Брондникову связали руки и ноги крепкими верёвками, положили в центре круга.
– Подождите, владыка! – вскрикнул Фиаринг.
Страж с мольбой посмотрел на Риллавена.
– Владыка, у человека есть право на последнее желание.
– Хорошо, – ответил Риллавен, – он получит своё право. – И повернулся к человеку. – Чего ты хочешь?
– Папе ничего не говорите, – попросил Бродников. – Пусть думает, что я уехал домой, и на Техничке способности ходочанина у меня пропали.
Риллавен клятвенно поднял руку:
– Жерар Дюбуа узнает только то, что ты ему предназначил.
– Спасибо, – кивнул Бродников.
Человек повернулся к стражам, хочет встретить смерть лицом к лицу. А вот здесь ты ошибешься. Проиграть изволили, Вячеслав Андреевич, – непостижимый и недостижимый, равный всем и понимающий всё, мастер видеть суть и говорить истину, ненавистный мой враг. Палачом ты станешь себе сам. Риллавен начал читать заклинание «потёмочной смерти». Коротенькое, всего-то восемь слов, но едва произнесён последний слог, как на Бродникова обрушилось всё то, что таилось в самых глухих потёмках его души, всё то, чего боится он сам – боль, страхи, унижения. Идеальный, индивидуально подобранный ад. Мука, доведённая до абсолюта. Умирание без смерти. Сколько оно может длиться, сколько можно выдержать такую пытку, не знает никто, потому что первыми всегда не выдерживали свидетели, добивали казнимых. Невозможно смотреть на потёмочную казнь дольше десяти минут и не сойти с ума.
Бродников молчал уже вторую минуту. «Умер?» – спросил кто-то из стражей. «С надеждой», – отметил Риллавен. В собственных чувствах разобраться он так и не мог. Только одно знал точно – лёгкой смерти Бродникову не хочет. Ни за что. Пусть умрёт долго и медленно, чтобы Риллавен успел утолить свою ненависть.

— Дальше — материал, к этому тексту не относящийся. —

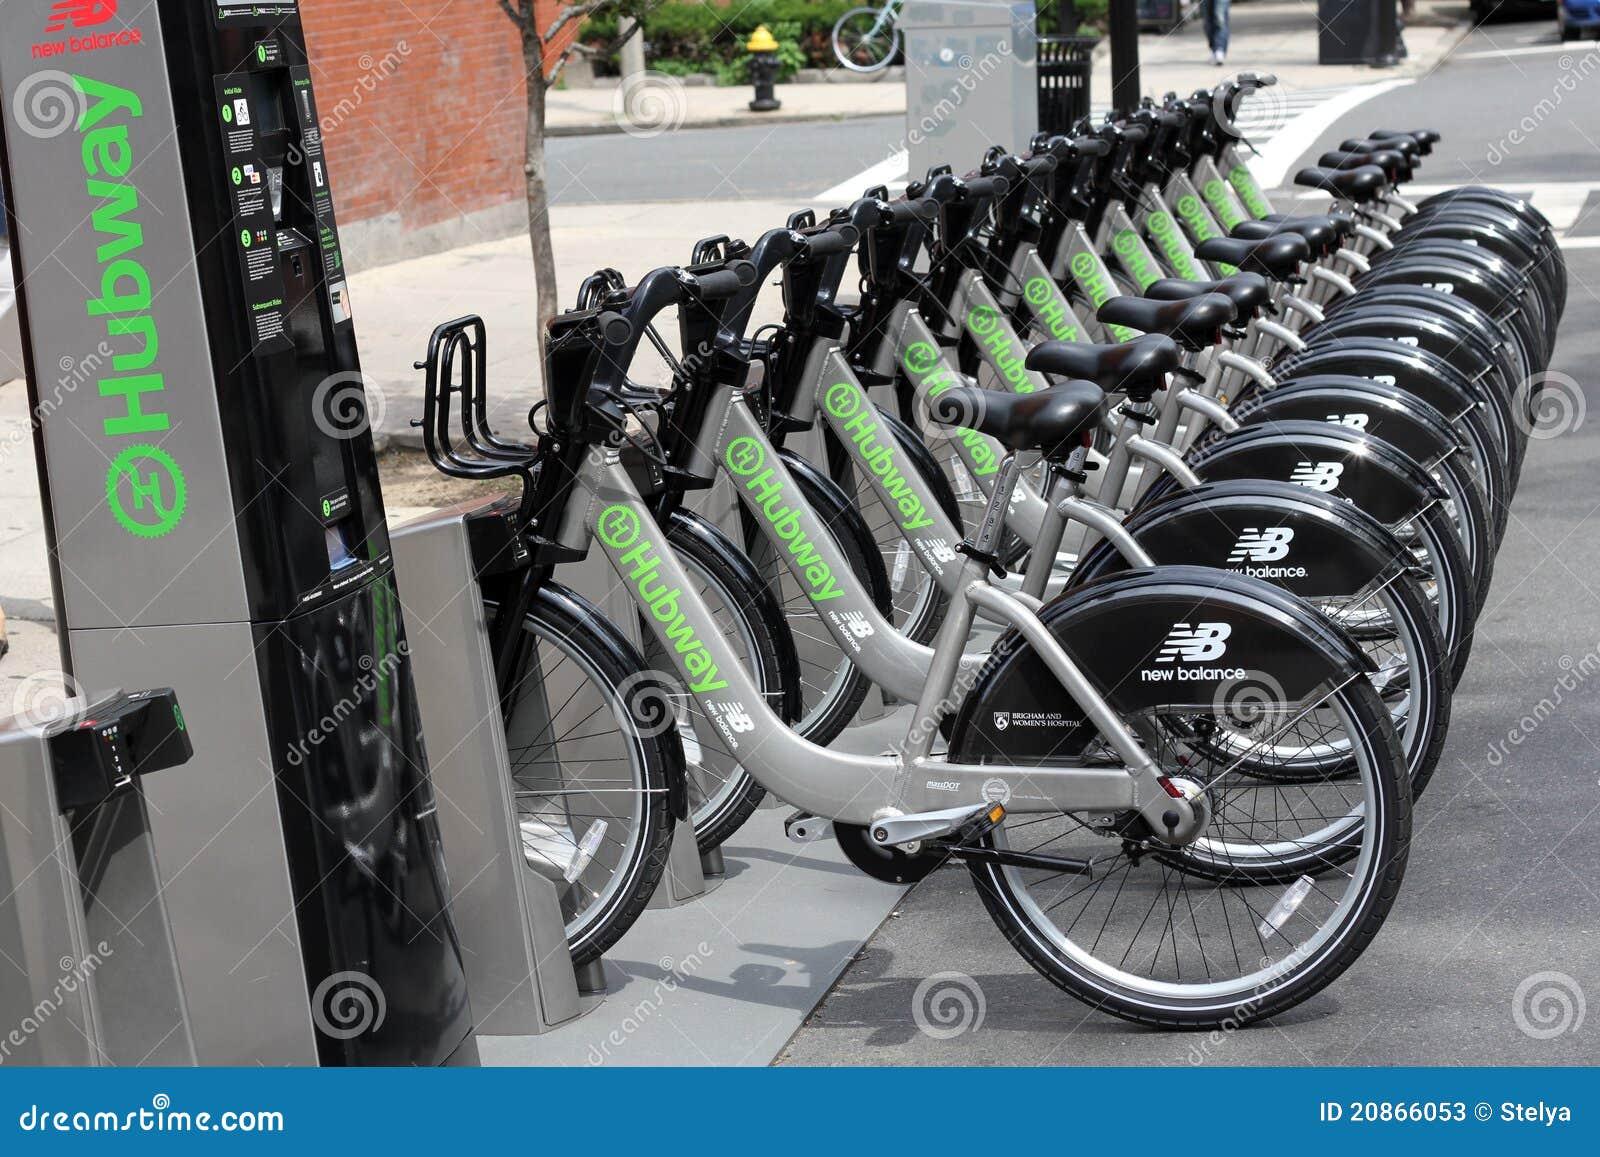 bike share rental station editorial stock photo image of
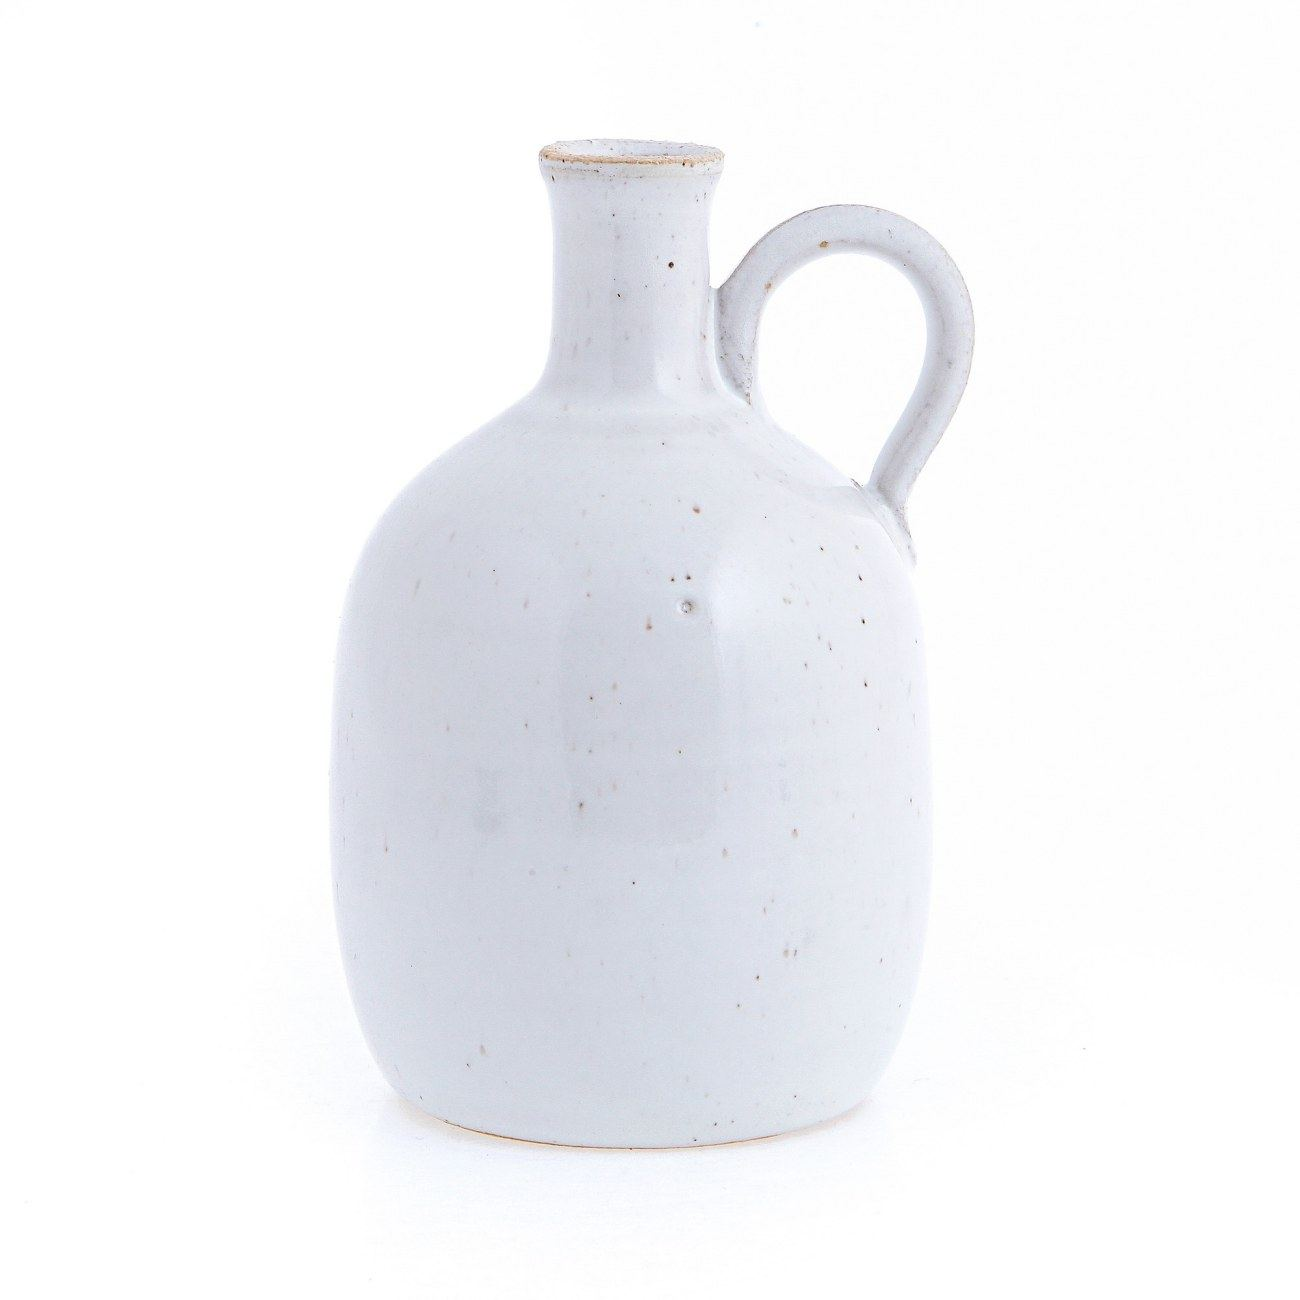 decanter and cups set ( piece) modern handmade ceramic serving  - liquor decanter and cups set ( piece) modern handmade ceramic servingpitcher with lid white

Тело Бродникова выгнулось дугой, рухнуло на песок, конвульсивно задёргалось. На песок брызнула кровь из прокушенной губы.
И стражи, и старейшины крепко зажали уши. В первое мгновенье Риллавен не понял, что же их так оглушило, человек ведь молчит. Но тут же и сам закрыл уши, не мог слышать тишину. «Да закричи ты!», – безмолвно взмолился он.
Судороги прекратились. Дышал человек тяжело, прерывисто, но всё ещё жил. И молчал.
Первым не выдержал Фиаринг – как Риллавен и ожидал. Хотя и гораздо раньше, владыка был уверен, что смотреть Фиаринг будет минут пять. Но оно и к лучшему, у Риллавена сил не осталось на тишину.
Дальдр Фиаринга должен был войти точно в сердце Бродникова, но вонзился в песок, человек исчез. Повеяло сладковато-пряным ветром внесторонья.
– Щель на внесторонье пробил, – объяснил и без того понятное координатор.
– На потёмочной казни? – не поверил очевидному старейшина-лайто.
– Нет, на вечеринке в честь полнолуния, – рявкнула старейшина-дарко. – Владыка, – дёрнула Риллавена за рукав, – так состоялась казнь или вы намерены найти человека и добить?
– Нет! – выкрикнул Фиаринг. – Всё. Даже если ходочанин выживет на внесторонье – пусть. Это судьба.
– Судьба, – согласился Риллавен. Теперь он и сам не знал, рад он случившемуся, или обозлён, – Бродников опять победил, Фиаринг снял с него вину и владыке обезьяныш стал неподвластен… А значит, и Риллавен свободен от его власти… Как же всё перепуталось, ничего не понять! Ненависть и восхищение, злоба и приязнь. «Сложись всё иначе, я мог бы стать его другом», – подумал Риллавен и тут же загнал непрошенную мысль подальше, туда, где жили воспоминания об ушедших, бесконечно дорогих и навечно потерянных людях.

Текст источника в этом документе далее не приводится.